The proverbial elephant in the room is glaringly omitted. And that is the relative concentration of banking income and lending across the housing market. The RBA report titled The Australian Financial System in the 2000s: Dodging the Bullet by Kevin Davis shows Australian Banks loan composition to Residential at about 60%,  way above other comparable markets with e.g USA at 38% and UK at about 15%. That is almost the highest in the OECD countries and 4 times the UK and about double that of Canada. Naturally, this is concentrated across the Big4.  This would imply that banks see mortgages as easy and profitable lending and other segments like industry and small business lending less aattractive. The contra to this is concentration risk (and I guess we are starting to see some of that already) , but possibly the smarter folks have already priced this in.

Secondly, the entire causa or reason for the commission was due to “agents or intermediaries” not providing a fair service. A key part of the service provision relates to the average man in the street being overwhelmed with the apparent complexity of financial products that are available.

And therein lays the crux of the matter.

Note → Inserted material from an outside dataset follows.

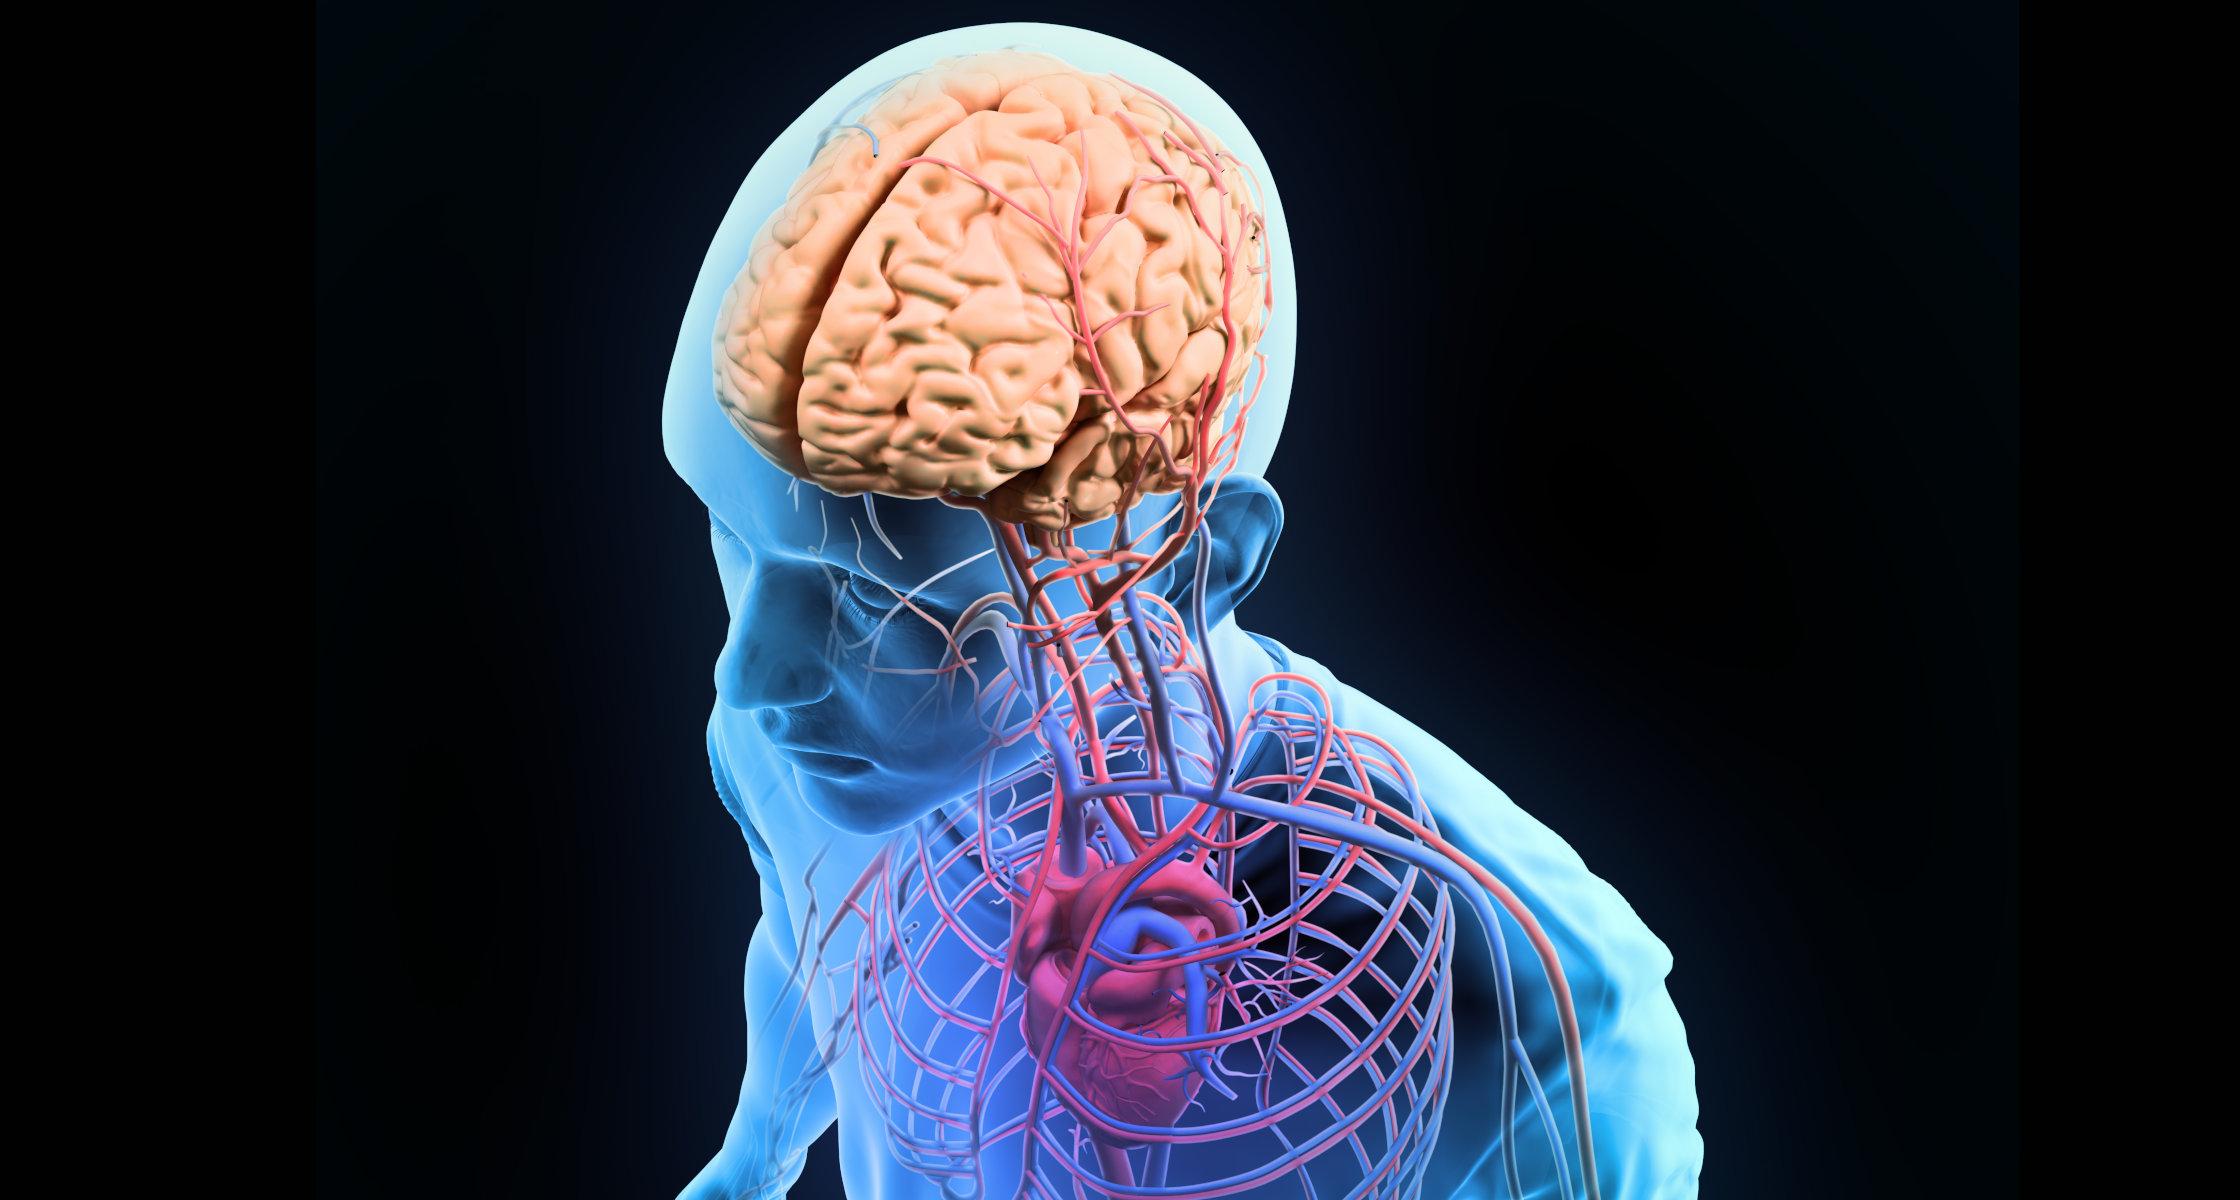 Abwehrzellen Gelangen Ber Tunnel Aus Dem Schdeldach Ins Gehirn
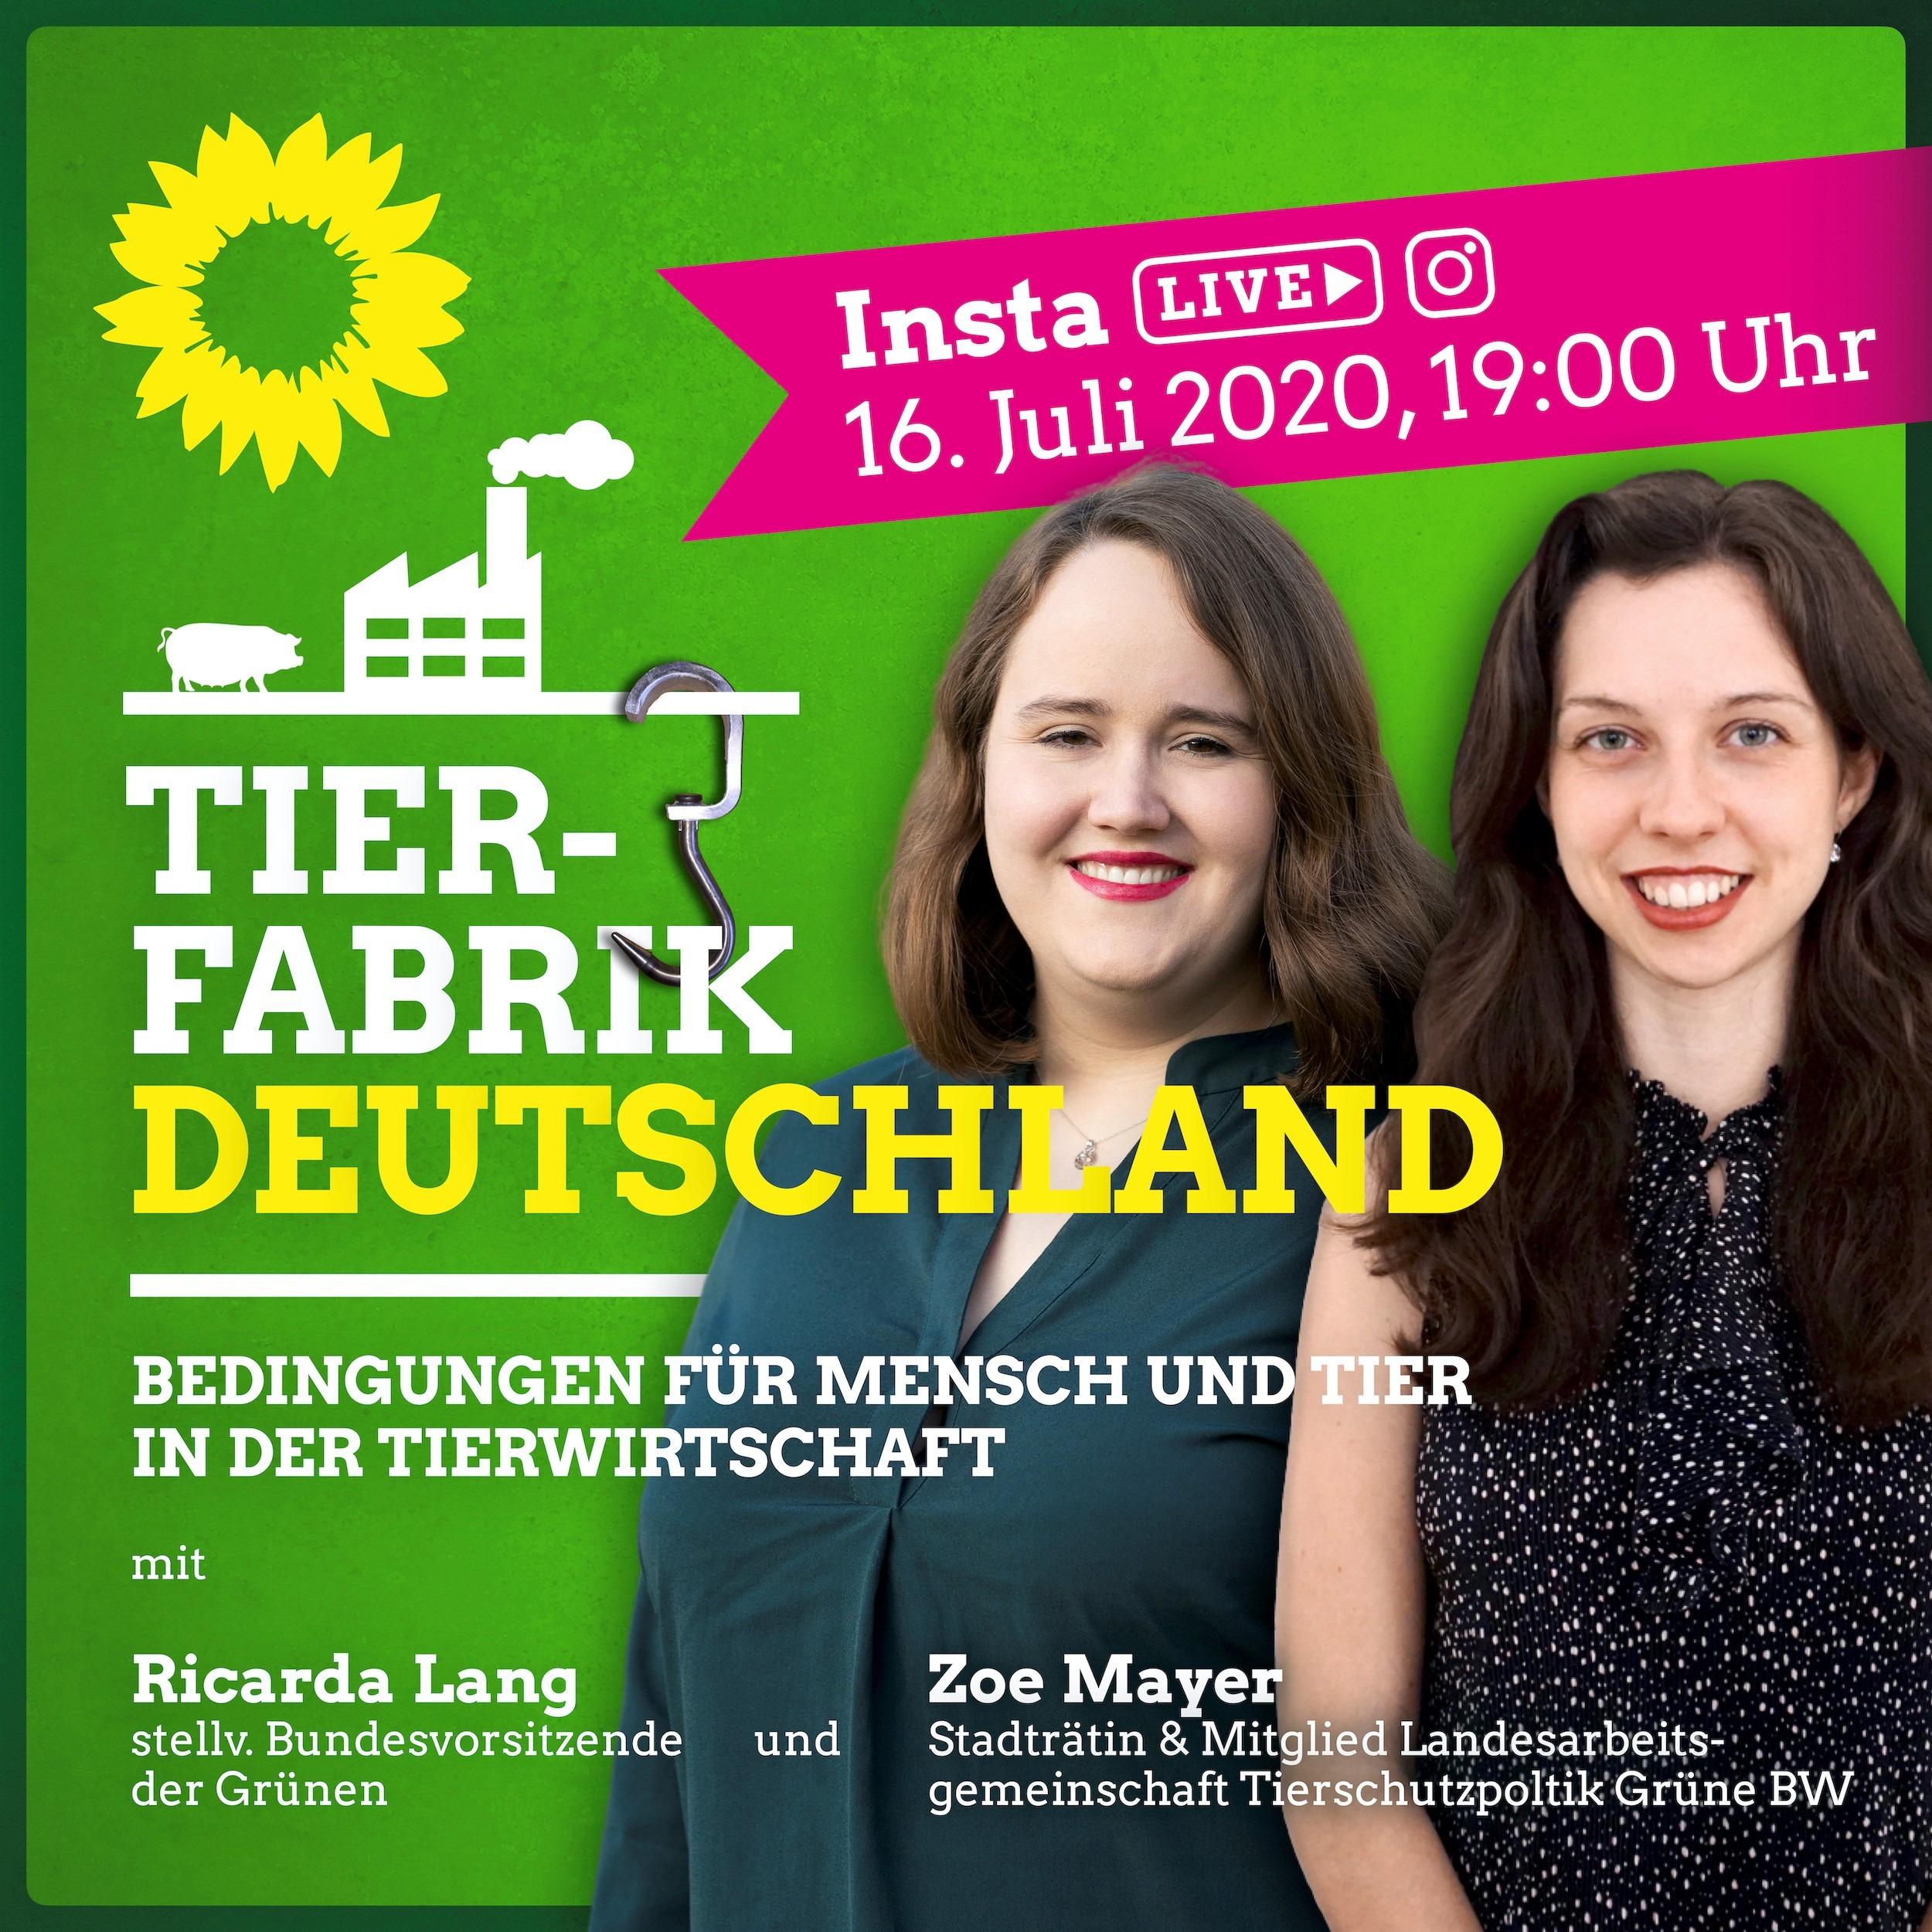 """""""Tierfabrik Deutschland"""" Ricarda und Zoe auf Insta-Live am 16.07.2020 19 Uhr"""

Why are these financial products overly complex. If we use the normal curve, then the majority of financial products within the 90 percentile could be standardised products and reasonably simple to understand and comprehend. If not, then who are they aimed at ?  So why are the providers making what should be a standard product more complex.

It’s Simple. Confusion creates opportunities to clip the ticket. Add layers of complexity and you add layers of costs and participants who are all laying into the slice of cake.

If one is brutally honest, then many financial products can be digested into an easy to use standardised application, and by extension, many other products too fall within the normal curve. Term Deposits are another example of being a bewildering array of options that are often too confusing for the man in the street to fully appreciate. I am not implying all products can be simpified, but I am guessing that many can. This is not anti-capitalism but merely a way vital financial decisions can be more accessible and easier to understand and also promote a level playing field, untainted by the size of the marketing budget.

According to Graham Hand, there were many other areas that were overlooked and its possible that the opportunity to make changes to the Financial sector may not present itself for a long while or when the next Commission is called. He did an excellent summary and raised some vitally important points in his brilliant piece 8 problems the Royal Commission missed.  

An example he mentions “Take the example of the way banks price their products. Why do the banks rollover the term deposits of existing customers at sub-market rates, forcing loyal customers to make a phone call to achieve a better rate? The vast majority can’t be bothered or don’t know the benefits, and what banks call ‘retail inertia’ makes a major contribution to interest margins.”

Its time to declutter the language and limit the marketers sense of obtuse differentiation and keep it simple.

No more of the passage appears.